Given material ▸
..........
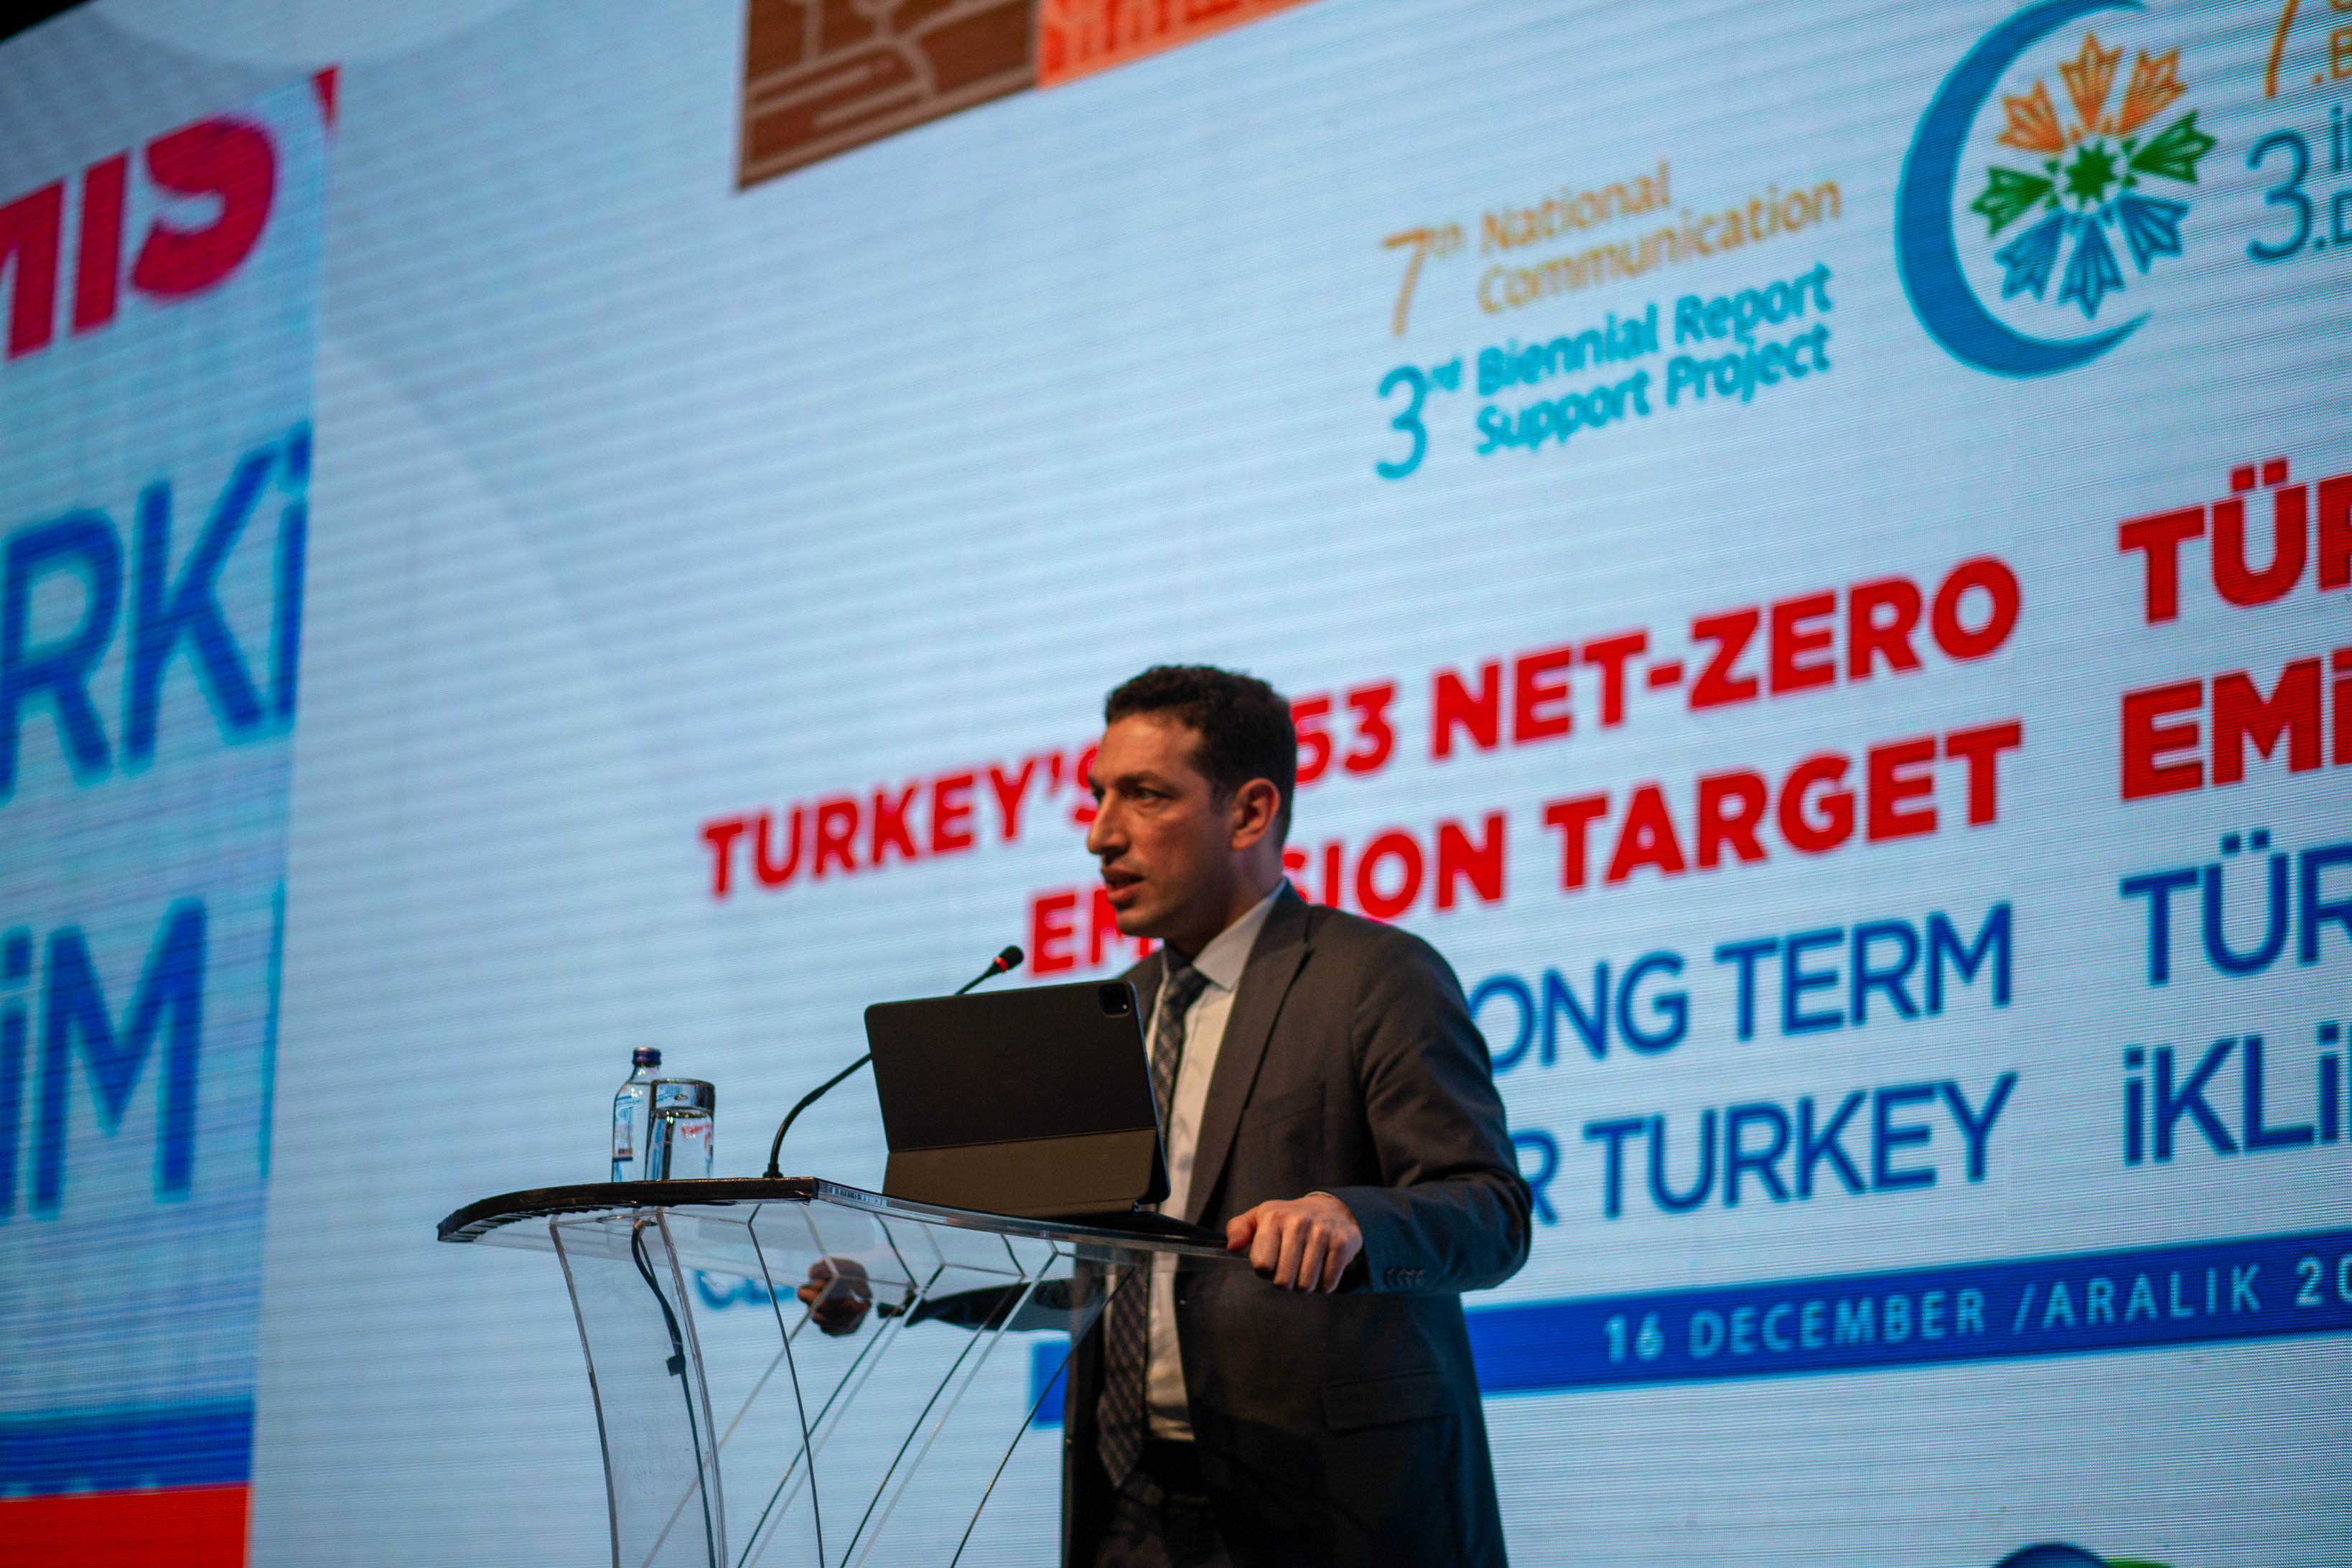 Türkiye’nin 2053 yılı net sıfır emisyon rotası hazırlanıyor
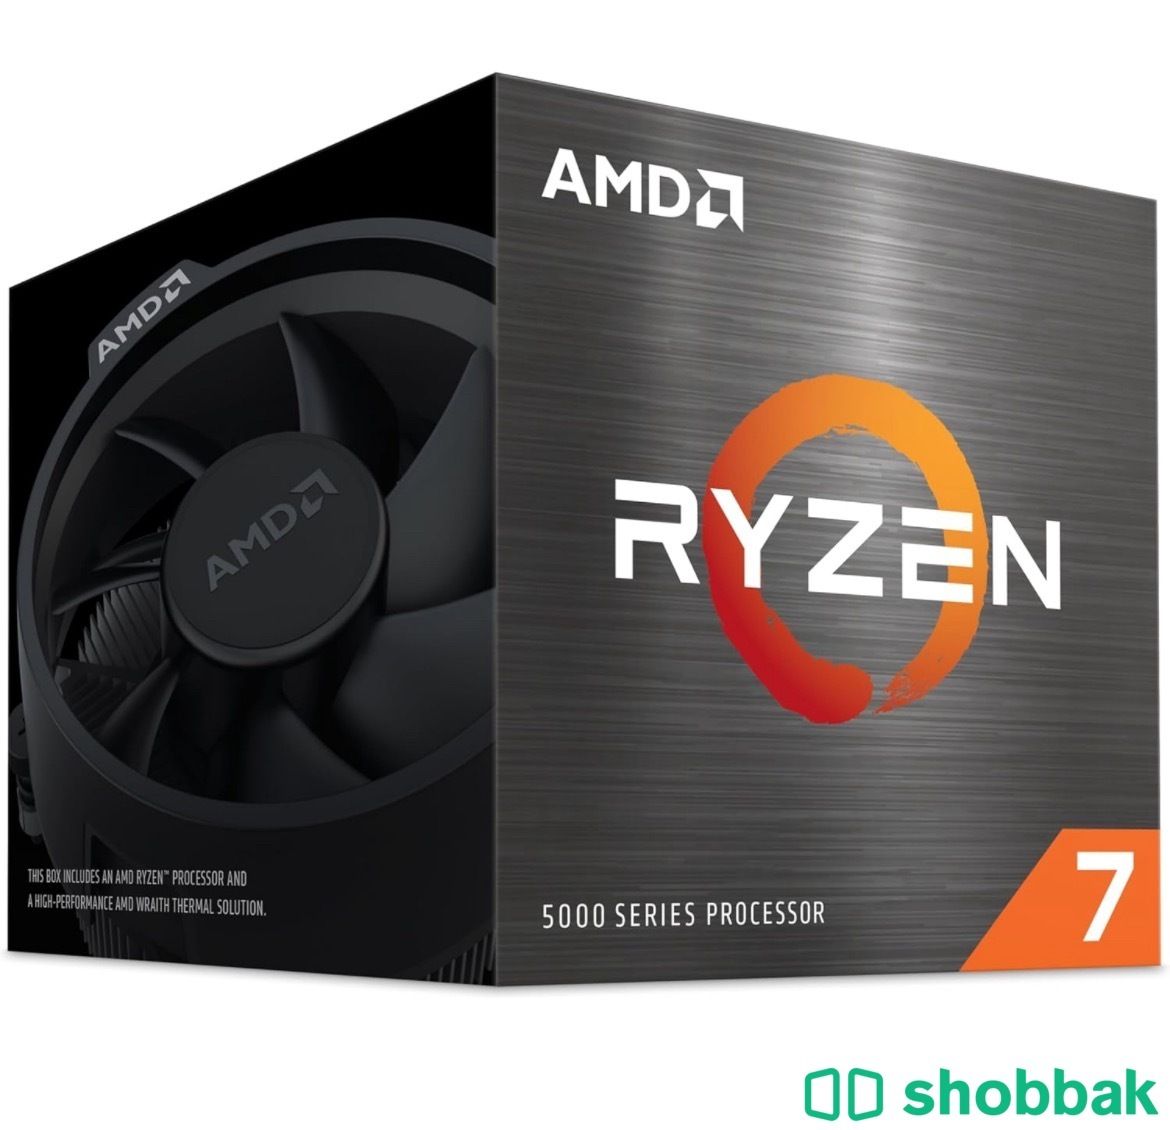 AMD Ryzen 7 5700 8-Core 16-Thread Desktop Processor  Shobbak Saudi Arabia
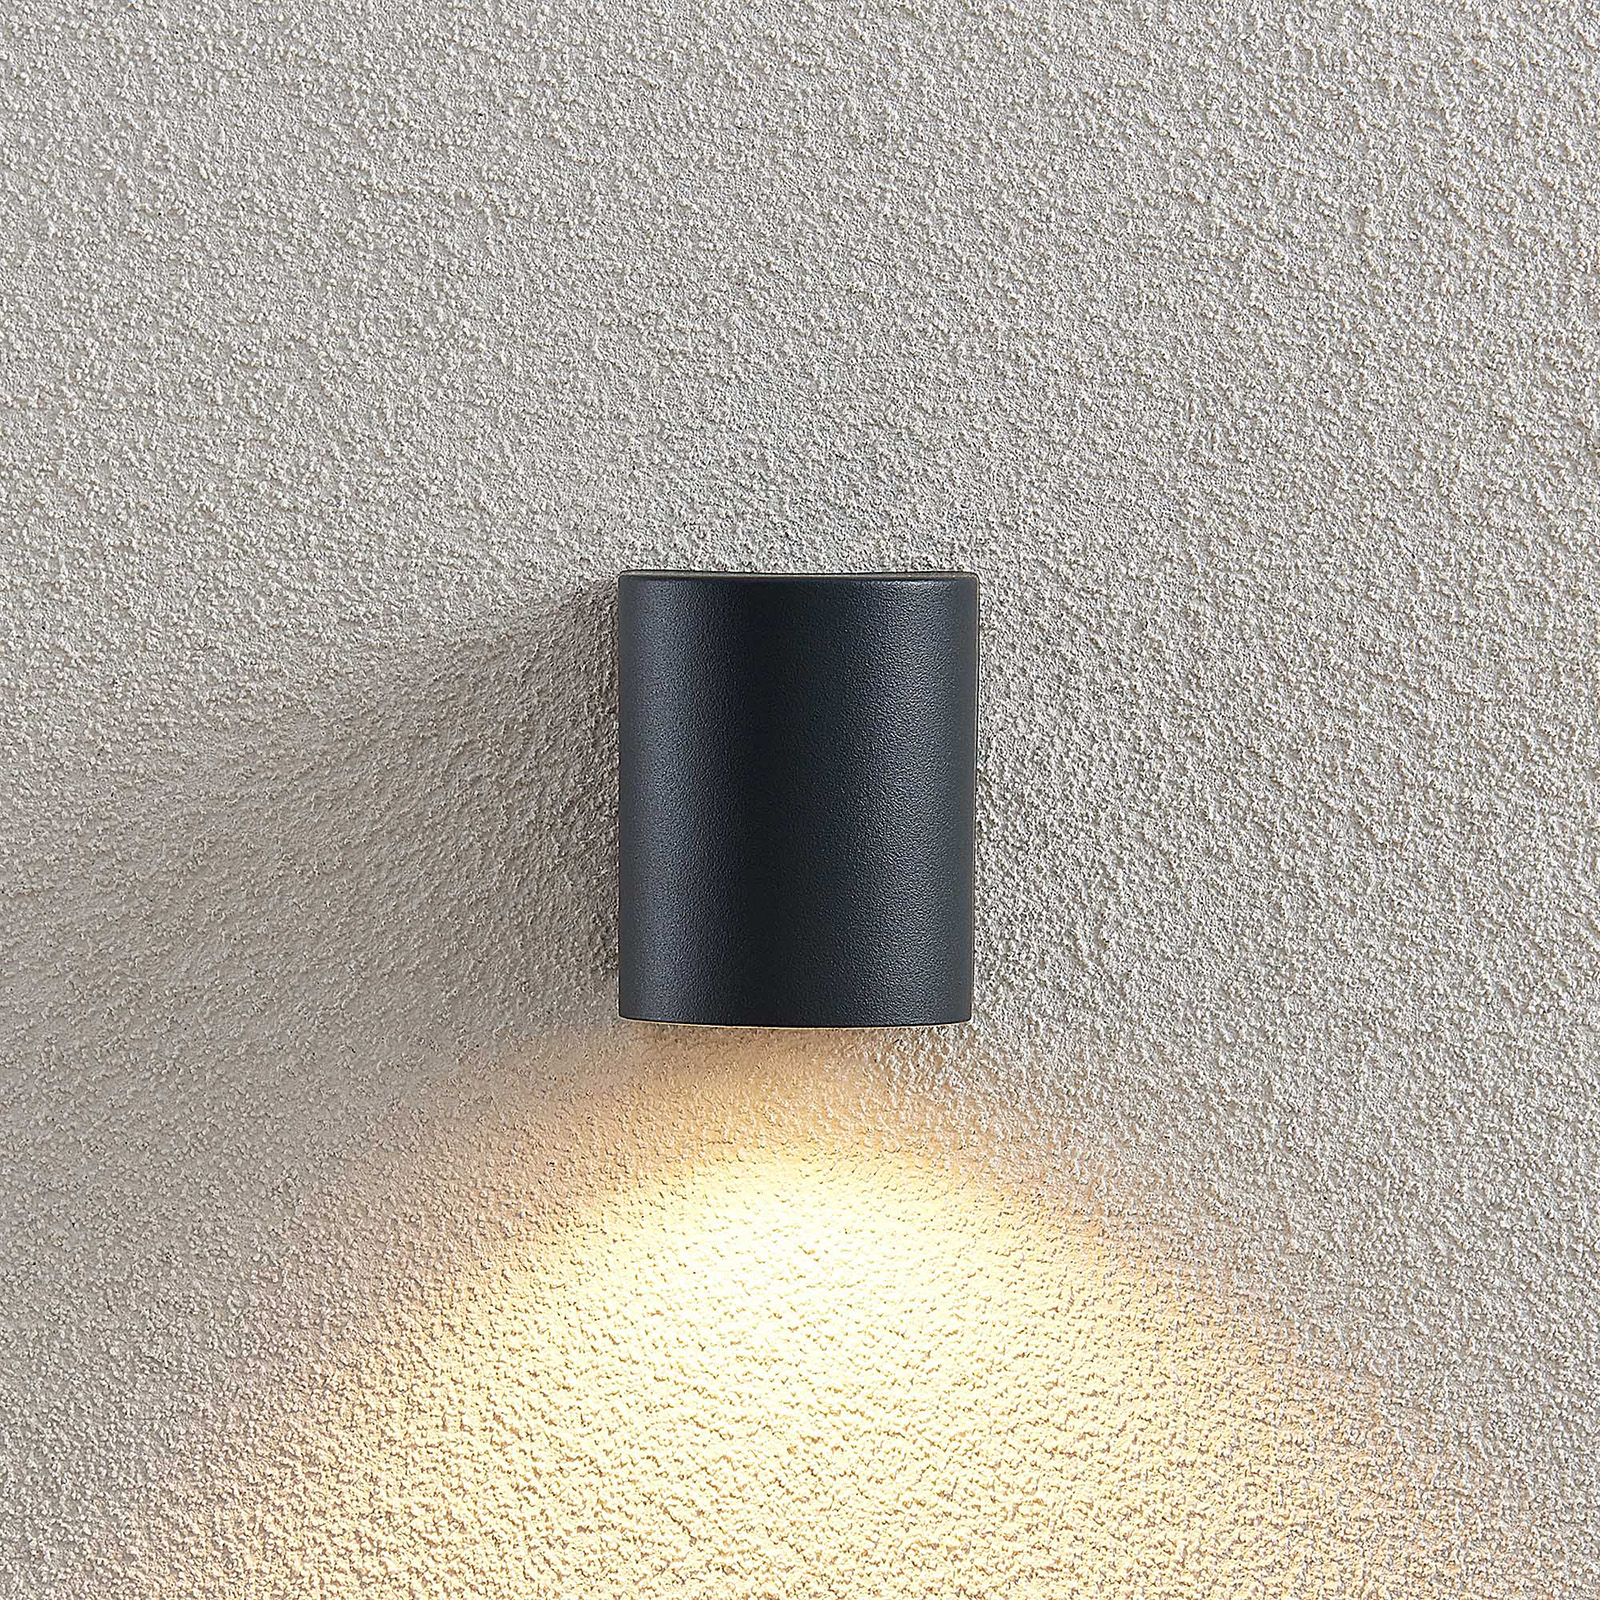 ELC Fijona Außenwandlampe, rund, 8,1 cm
..........
Work instructions ▸
Copy exactly the lines that run from the line containing "AMD Ryzen 7" to the end of the data above, keeping both end lines and leaving out all pictures.

Written response ▸
 AMD Ryzen 7 5700 8-Core 16-Thread Desktop Processor  Shobbak Saudi Arabia
 ELC Fijona Außenwandlampe, rund, 8,1 cm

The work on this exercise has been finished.